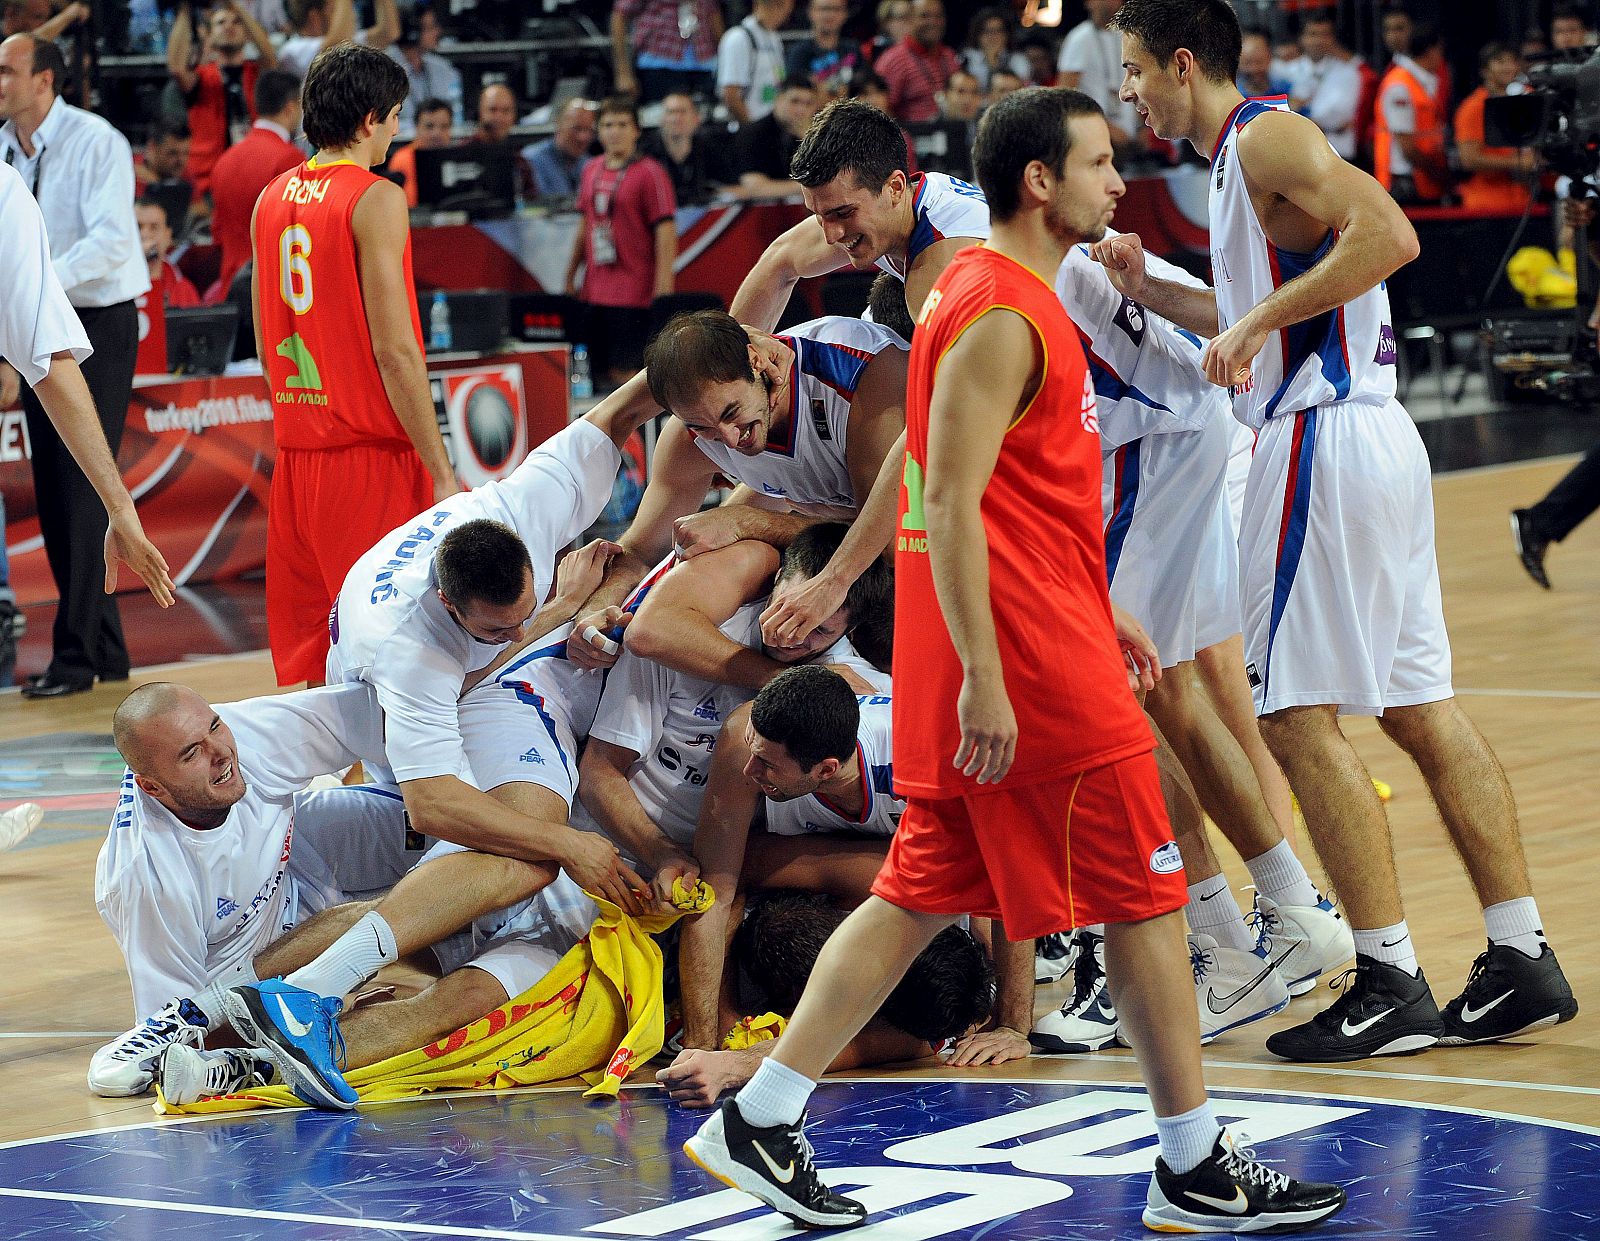 Serbia ha dejado fuera a toda una campeona del mundo, España, en un gran partido resuelto en los últimos segundos (92-89).
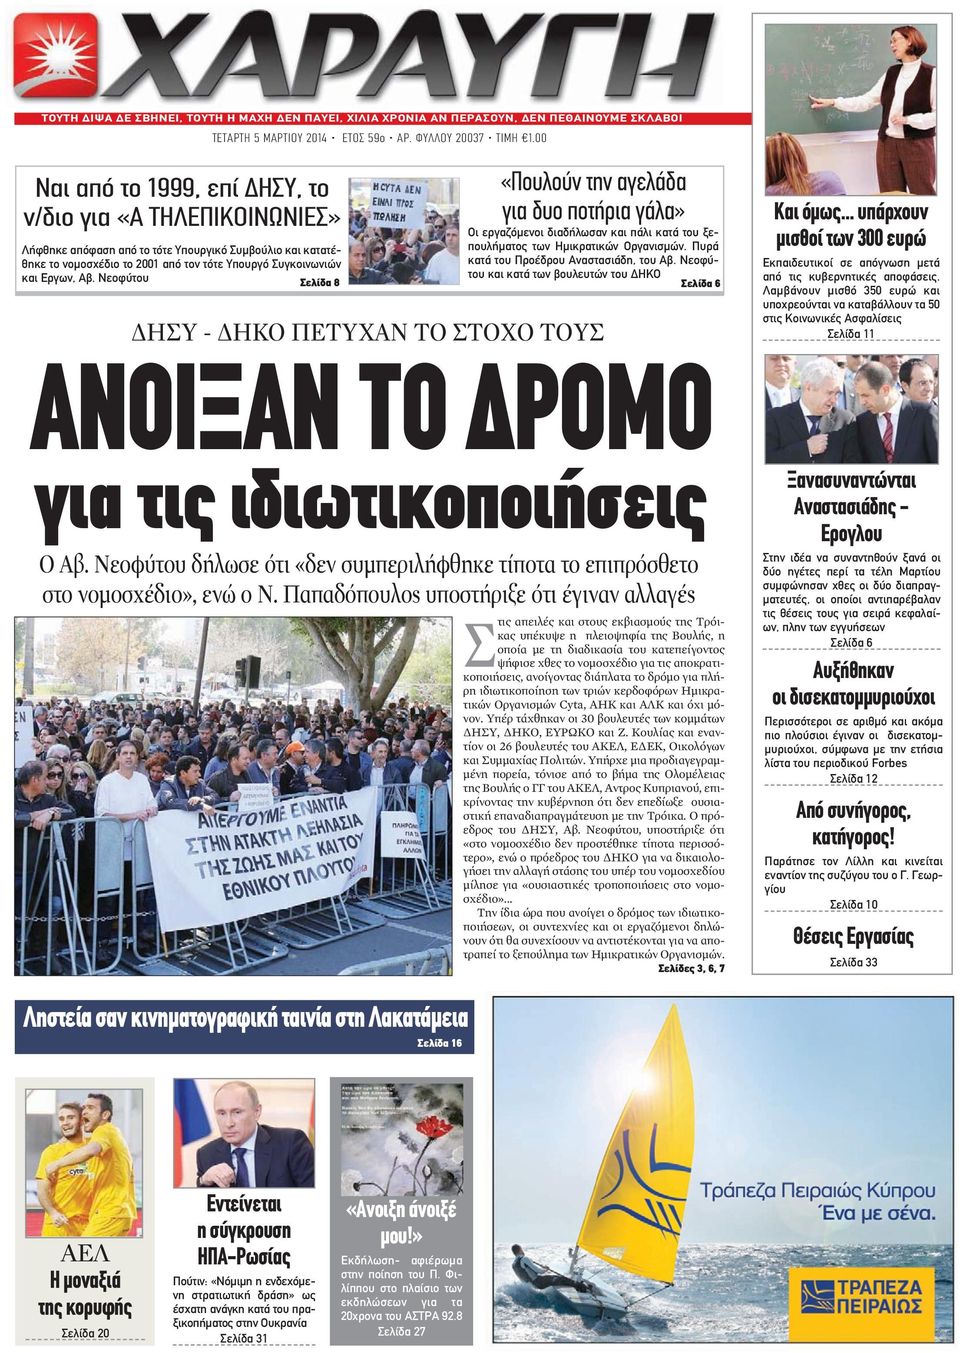 Νεοφύτου Σελίδα 8 «Πουλούν την αγελάδα για δυο ποτήρια γάλα» Οι εργαζόμενοι διαδήλωσαν και πάλι κατά του ξεπουλήματος των Ημικρατικών Οργανισμών. Πυρά κατά του Προέδρου Αναστασιάδη, του Αβ.
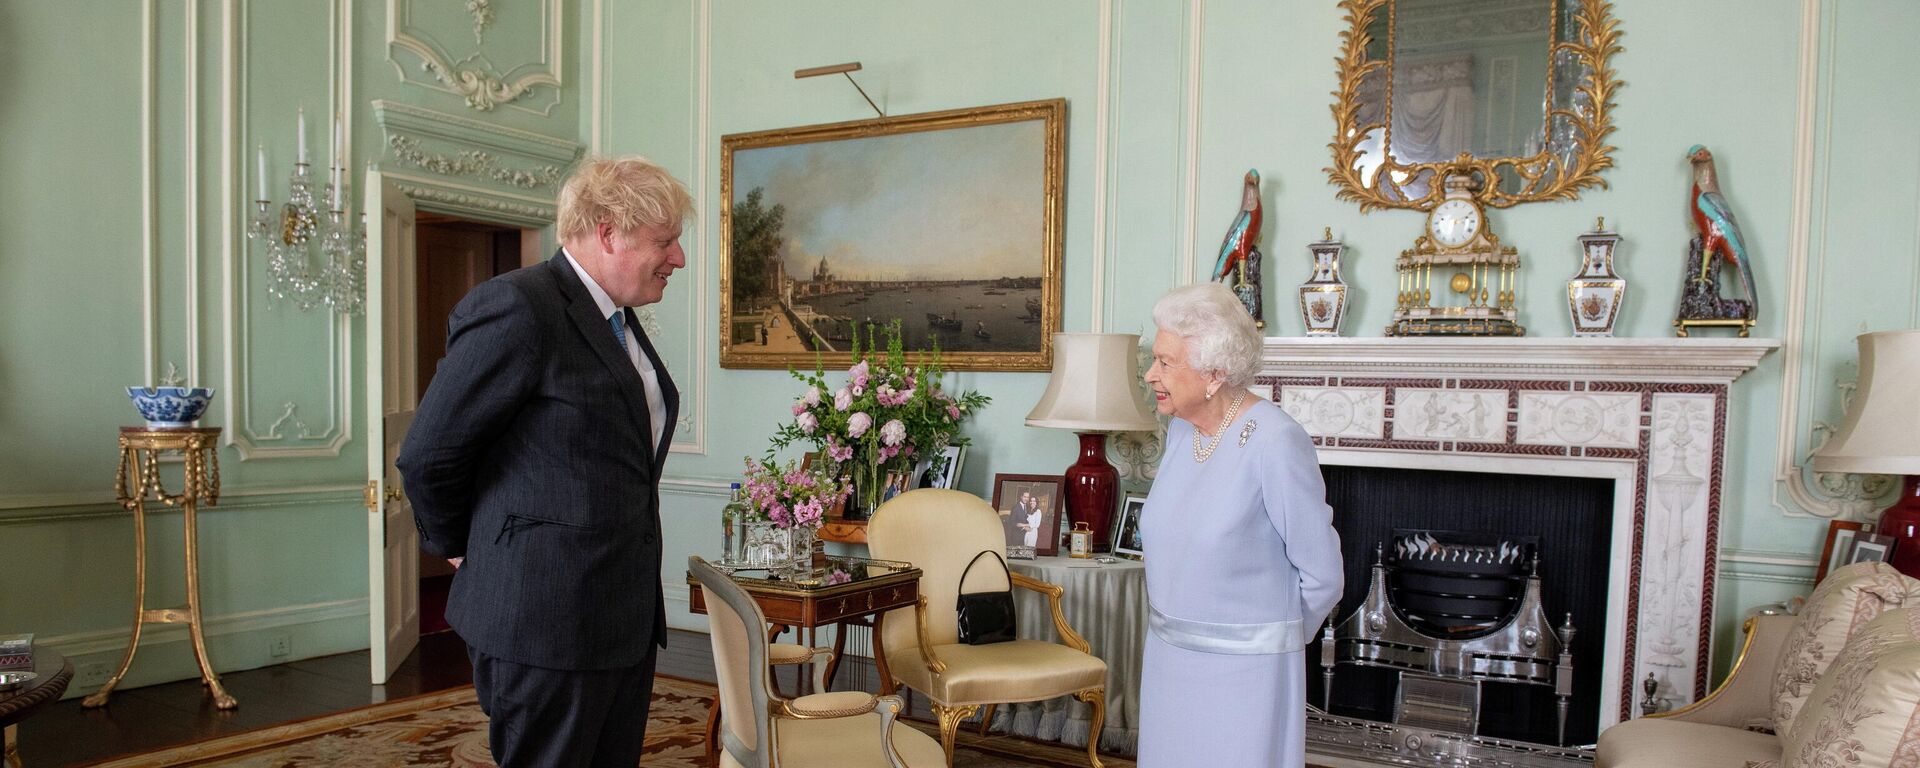 El primer ministro británico, Boris Johnson, se reúne con la reina Isabel II - Sputnik Mundo, 1920, 20.07.2021

* * * * * * * * *

* WHAT IS NEEDED
Each line above should be output exactly, apart from the pictures.

* SOLUTION FOR THIS PROBLEM
 Serbia ha dejado fuera a toda una campeona del mundo, España, en un gran partido resuelto en los últimos segundos (92-89).
 Νεοφύτου Σελίδα 8 «Πουλούν την αγελάδα για δυο ποτήρια γάλα» Οι εργαζόμενοι διαδήλωσαν και πάλι κατά του ξεπουλήματος των Ημικρατικών Οργανισμών. Πυρά κατά του Προέδρου Αναστασιάδη, του Αβ.
 El primer ministro británico, Boris Johnson, se reúne con la reina Isabel II - Sputnik Mundo, 1920, 20.07.2021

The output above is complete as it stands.